Finding 2D area defined by contour lines in Matlab

I am having difficulty with calculating 2D area of contours produced from a Kernel Density Estimation (KDE) in Matlab. I have three variables:
X and Y = meshgrid which variable 'density' is computed over (256x256)
density = density computed from the KDE (256x256)
I run the code
contour(X,Y,density,10)
This produces the plot that is attached. For each of the 10 contour levels I would like to calculate the area. I have done this in some other platforms such as R but am having trouble figuring out the correct method / syntax in Matlab.
C = contourc(density)
I believe the above line would store all of the values of the contours allowing me to calculate the areas but I do not fully understand how these values are stored nor how to get them properly.
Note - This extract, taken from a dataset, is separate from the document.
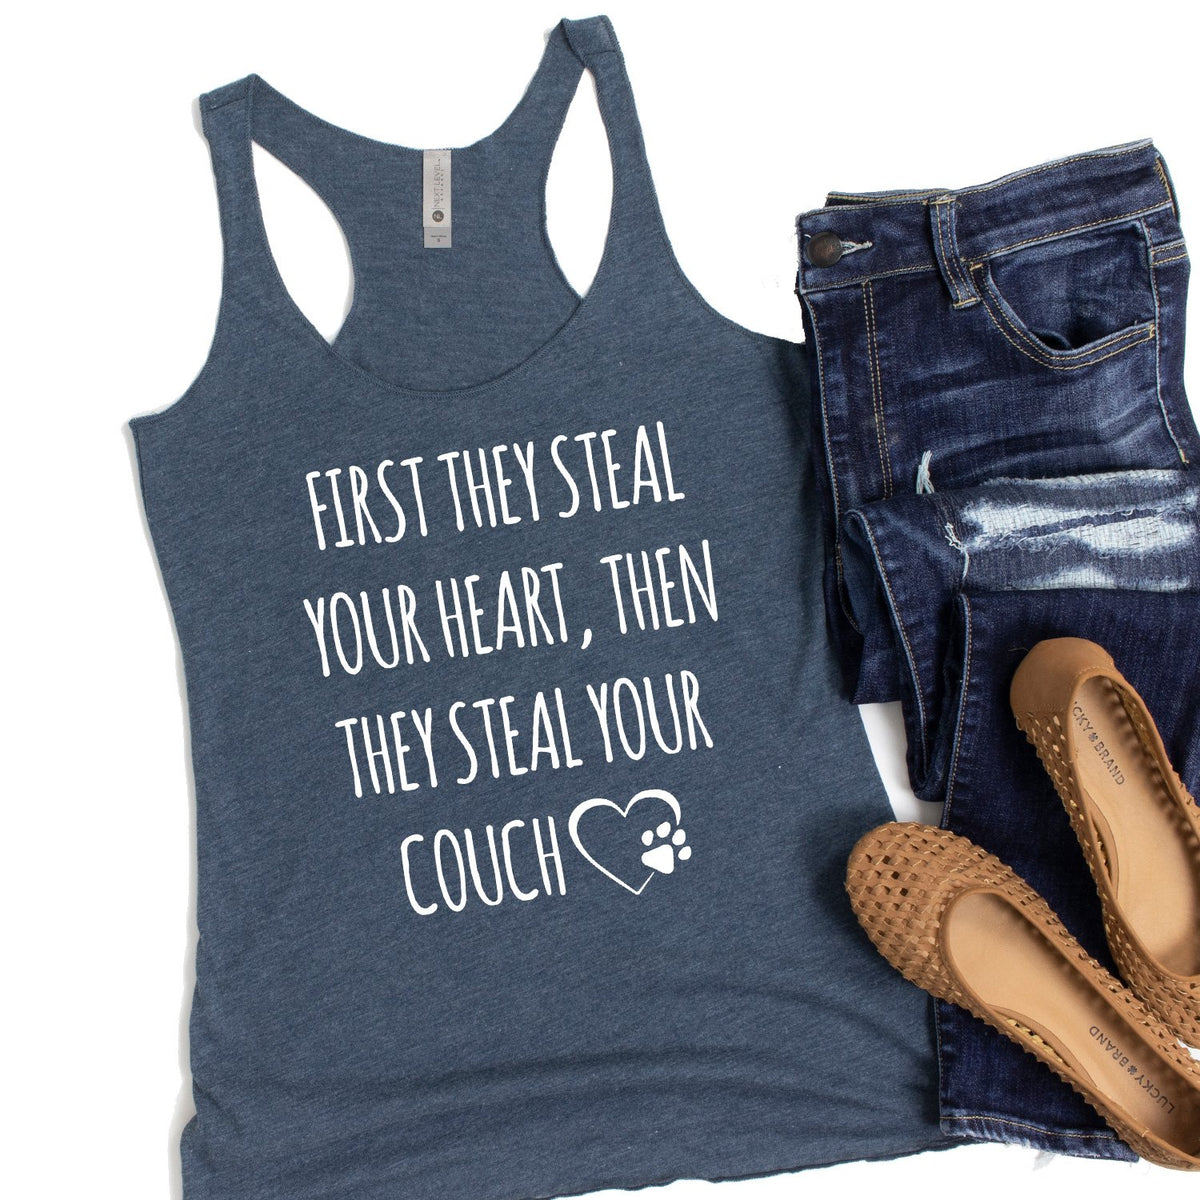 First They Steal Your Heart, Then They Steal Your Couch - Tank Top Racerback

This little script will help you. Its general for contour. Probably working for contour3 and contourf as well, with adjustments of course.
[X,Y,Z] = peaks; %example data
% specify certain levels
clevels = [1 2 3];
C = contour(X,Y,Z,clevels);
xdata = C(1,:); %not really useful, in most cases delimters are not clear
ydata = C(2,:); %therefore further steps to determine the actual curves:
%find curves
n(1) = 1; %n: indices where the certain curves start
d(1) = ydata(1); %d: distance to the next index
ii = 1;
while true
n(ii+1) = n(ii)+d(ii)+1; %calculate index of next startpoint
if n(ii+1) > numel(xdata) %breaking condition
n(end) = []; %delete breaking point
break
end
d(ii+1) = ydata(n(ii+1)); %get next distance
ii = ii+1;
end
%which contourlevel to calculate?
value = 2; %must be member of clevels
sel = find(ismember(xdata(n),value));
idx = n(sel); %indices belonging to choice
L = ydata( n(sel) ); %length of curve array
% calculate area and plot all contours of the same level
for ii = 1:numel(idx)
x{ii} = xdata(idx(ii)+1:idx(ii)+L(ii));
y{ii} = ydata(idx(ii)+1:idx(ii)+L(ii));
figure(ii)
patch(x{ii},y{ii},'red'); %just for displaying purposes
%partial areas of all contours of the same plot
areas(ii) = polyarea(x{ii},y{ii});
end
% calculate total area of all contours of same level
totalarea = sum(areas)
Example: peaks (by Matlab)
Level value=2 are the green contours, the first loop gets all contour lines and the second loop calculates the area of all green polygons. Finally sum it up.
If you want to get all total areas of all levels I'd rather write some little functions, than using another loop. You could also consider, to plot just the level you want for each calculation. This way the contourmatrix would be much easier and you could simplify the process. If you don't have multiple shapes, I'd just specify the level with a scalar and use contour to get C for only this level, delete the first value of xdata and ydata and directly calculate the area with polyarea
Here is a similar question I posted regarding the usage of Matlab contour(...) function.
The main ideas is to properly manipulate the return variable. In your example
c = contour(X,Y,density,10)
the variable c can be returned and used for any calculation over the isolines, including area.